=== Begin Enclosure ===

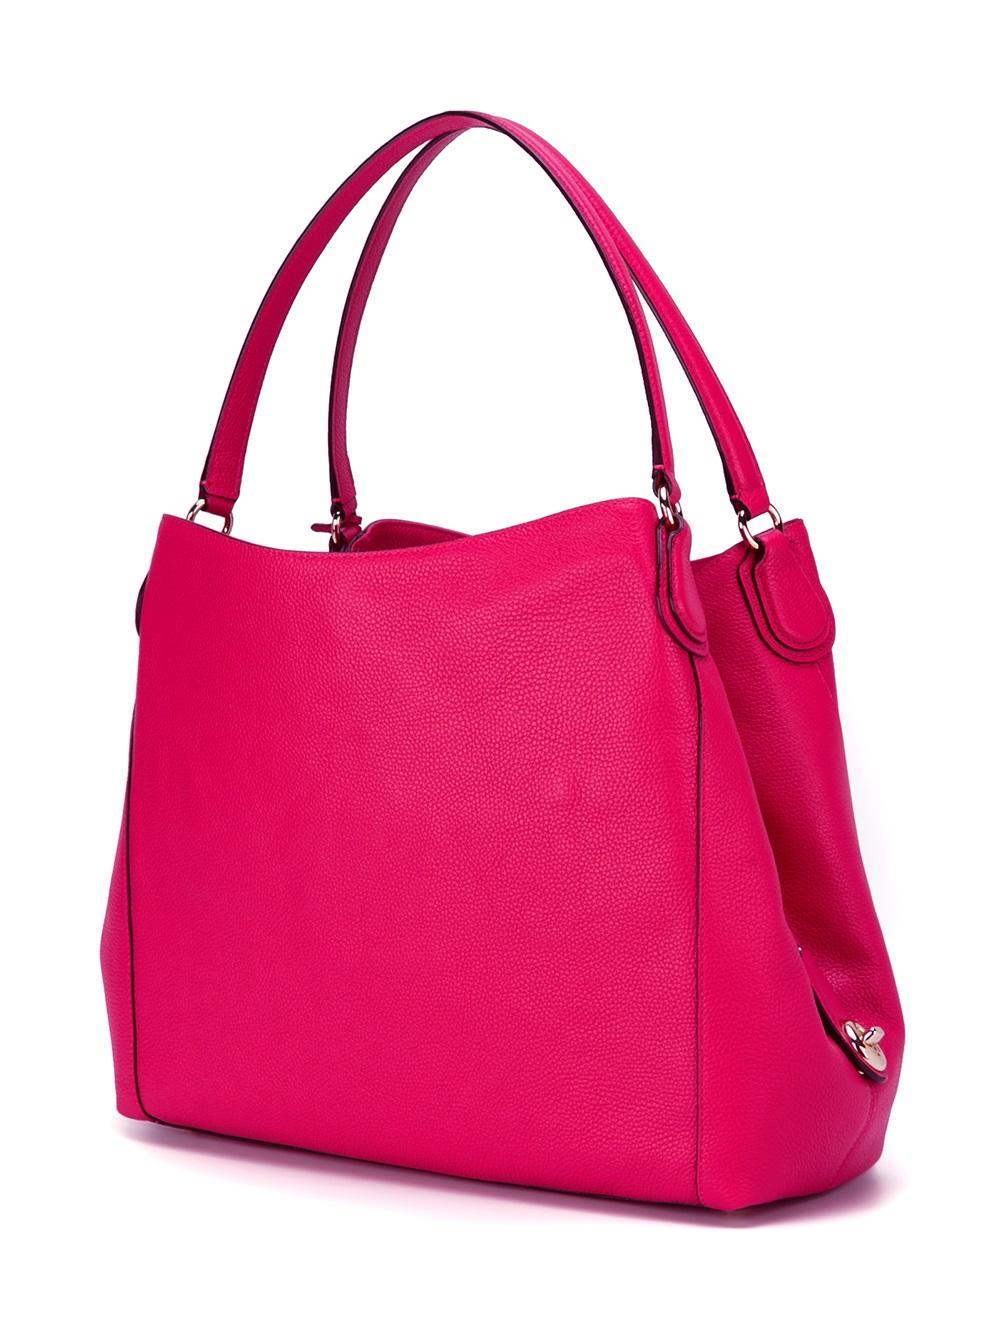 COACH Edie Leather Shoulder Bag in Pink/Purple (Pink) - Lyst
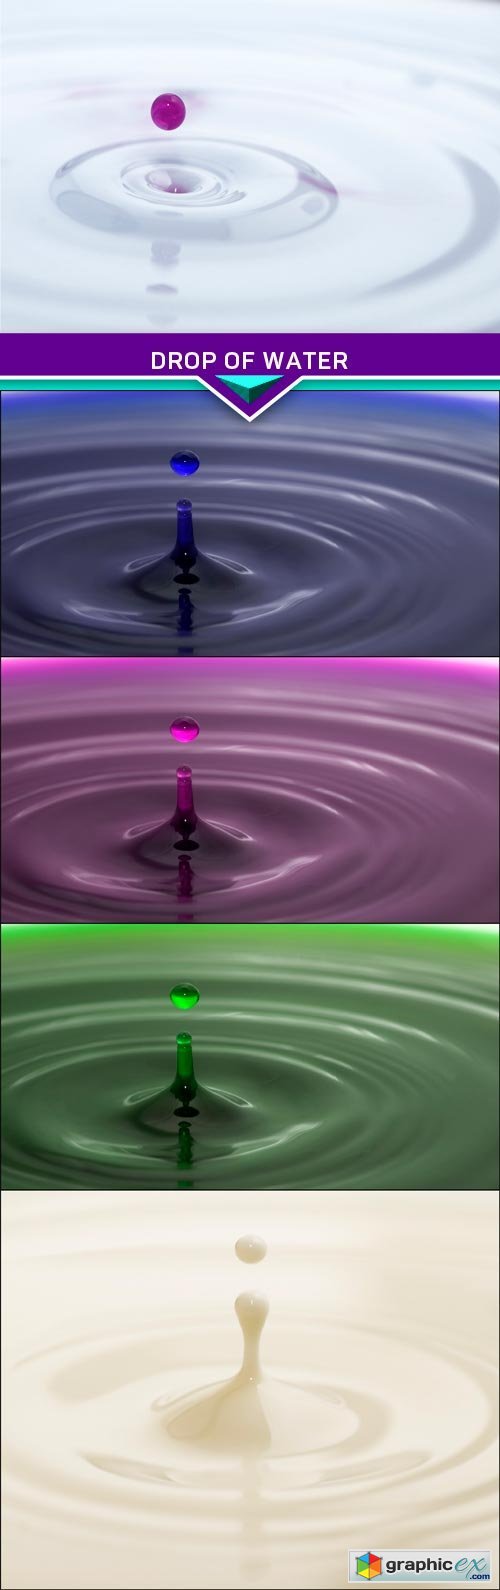 Drop of water 5x JPEG
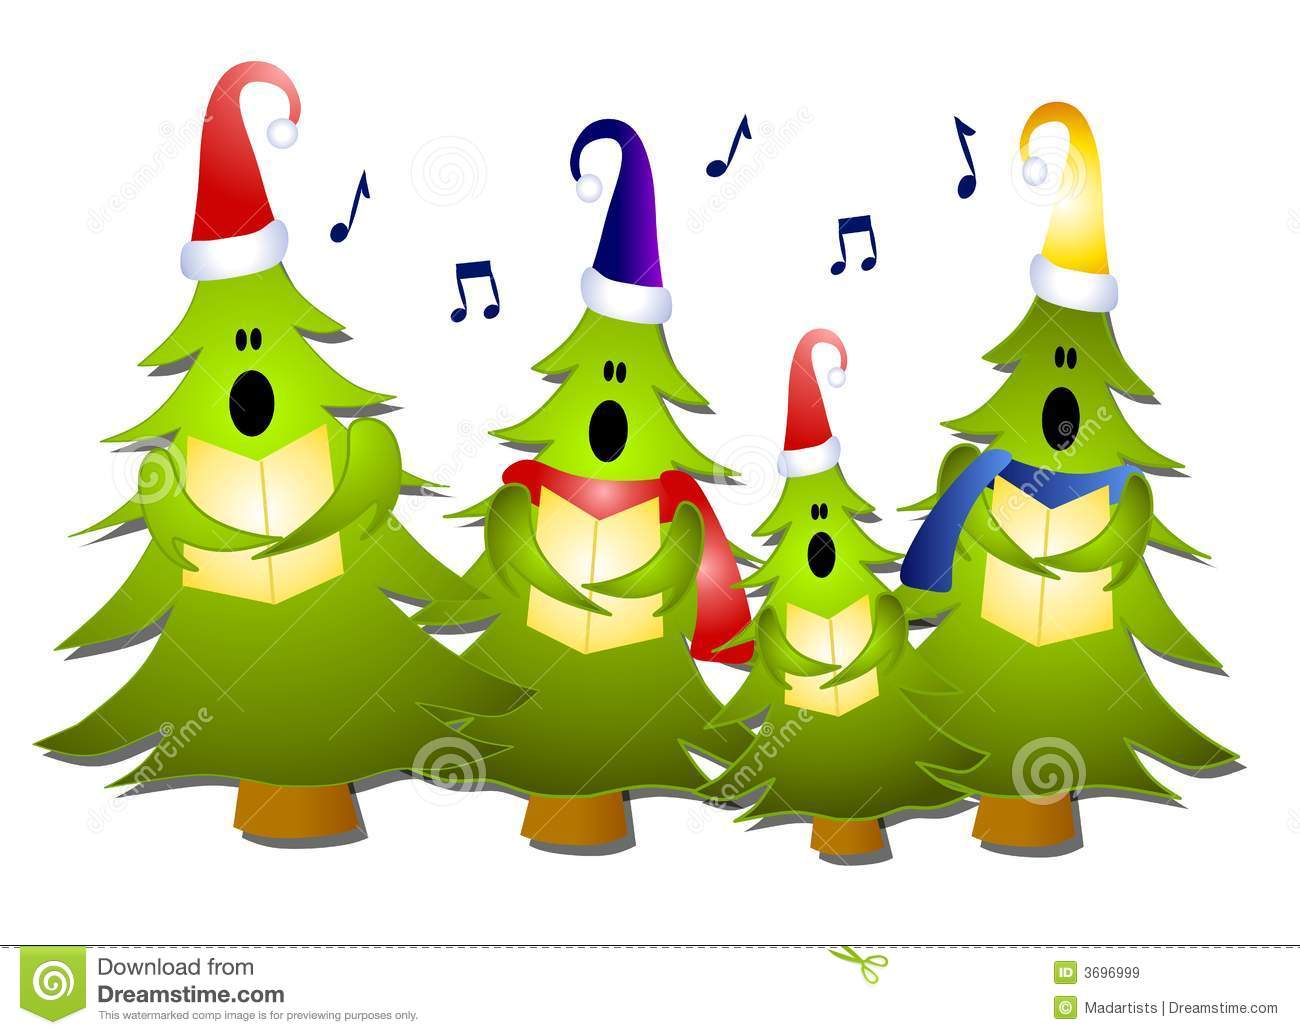 ... Christmas music - music n
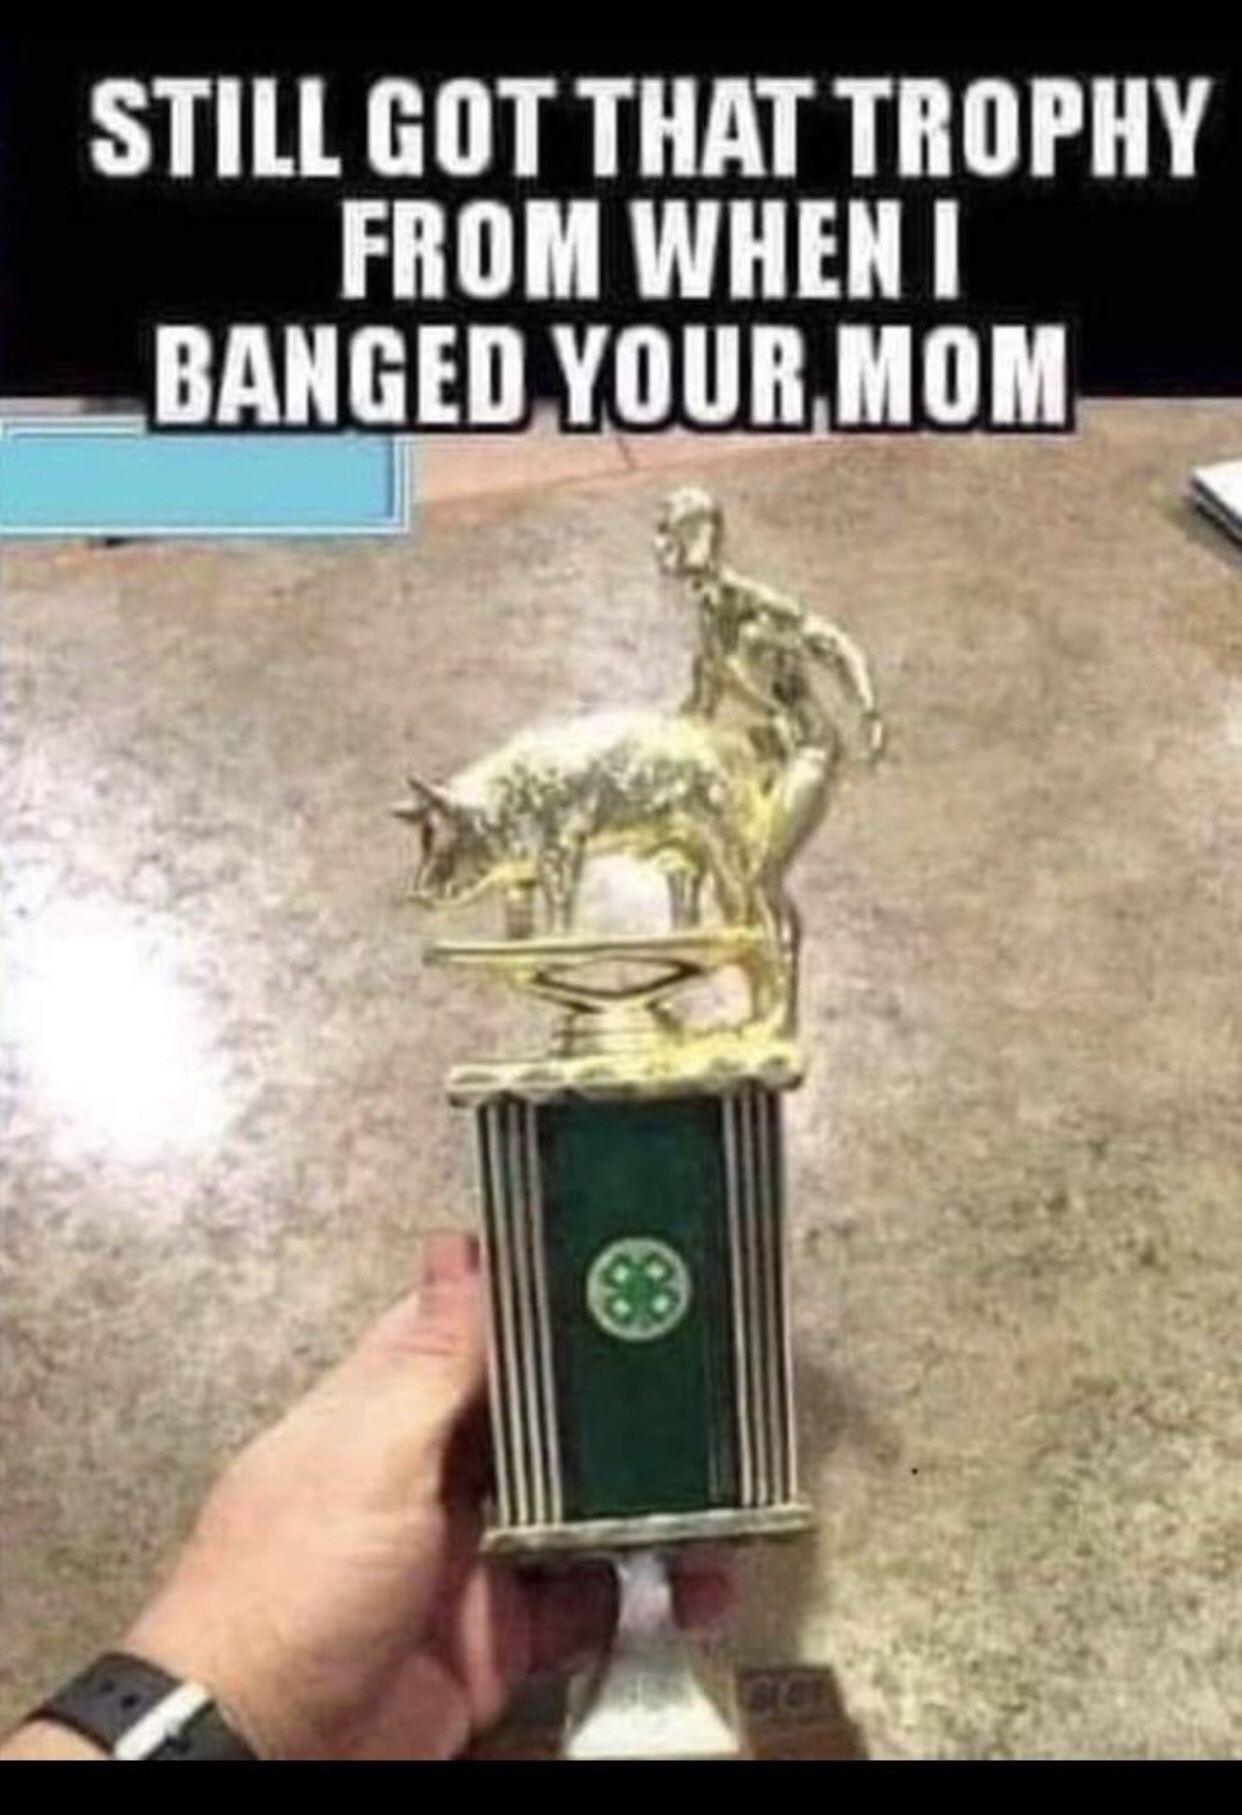 random pics - banged your mom trophy - Still Got That Trophy From Wheni Banged Your Mom
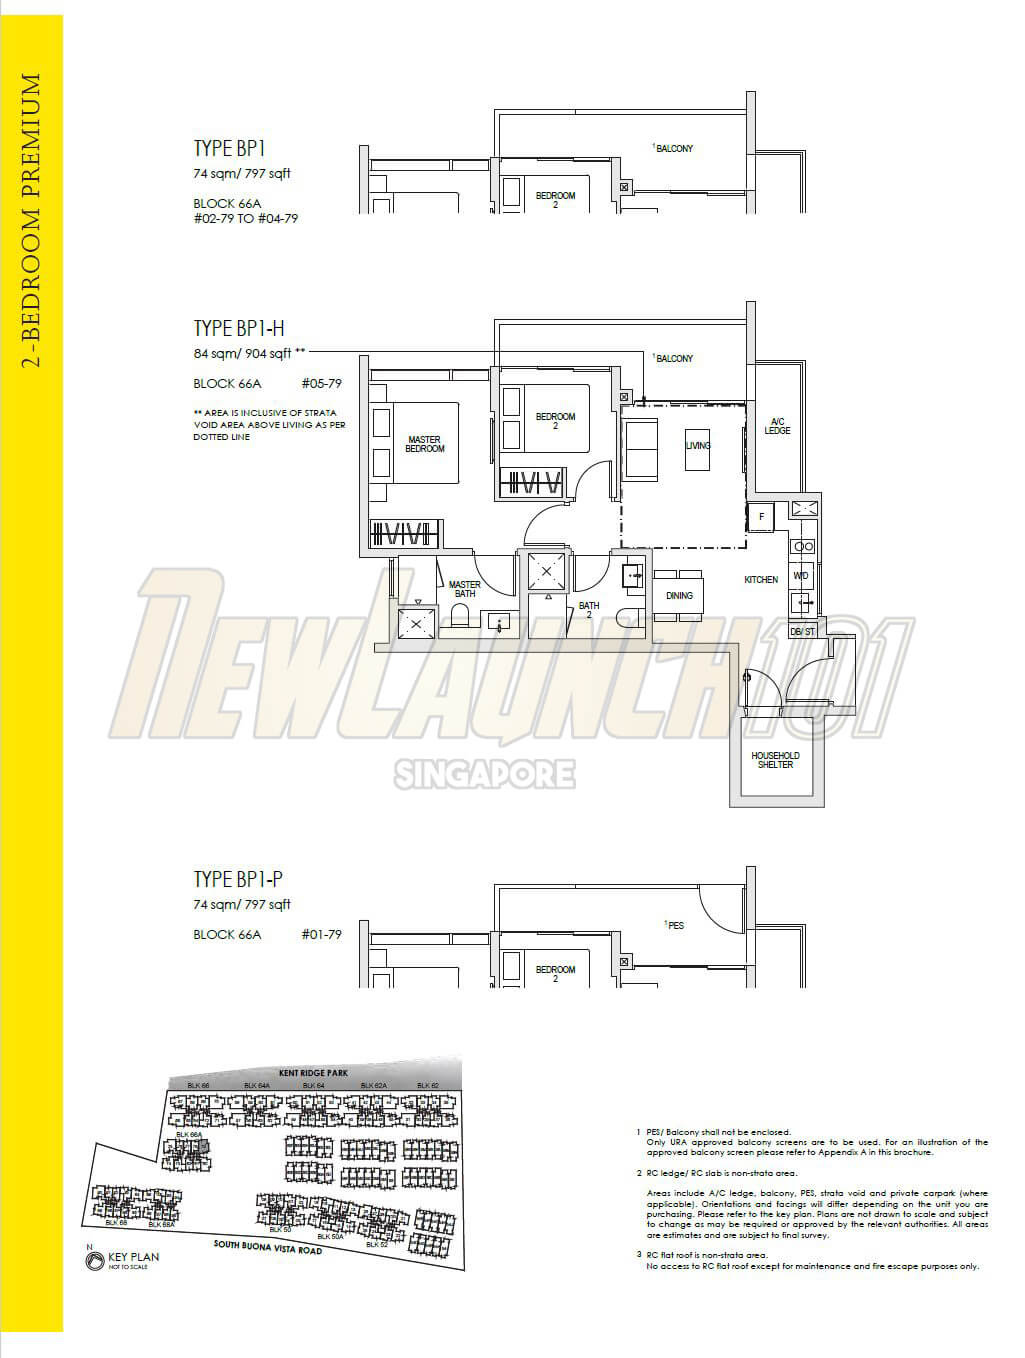 Kent Ridge Hill Residences Floor Plan 2-Bedroom Type BP1

=== End Enclosure ===

Only the lines from the one with "random pics - banged" through the final line of the data should be written out, exactly and including both ends. Skip the pictures.

Exercise output.
 random pics - banged your mom trophy - Still Got That Trophy From Wheni Banged Your Mom
 Kent Ridge Hill Residences Floor Plan 2-Bedroom Type BP1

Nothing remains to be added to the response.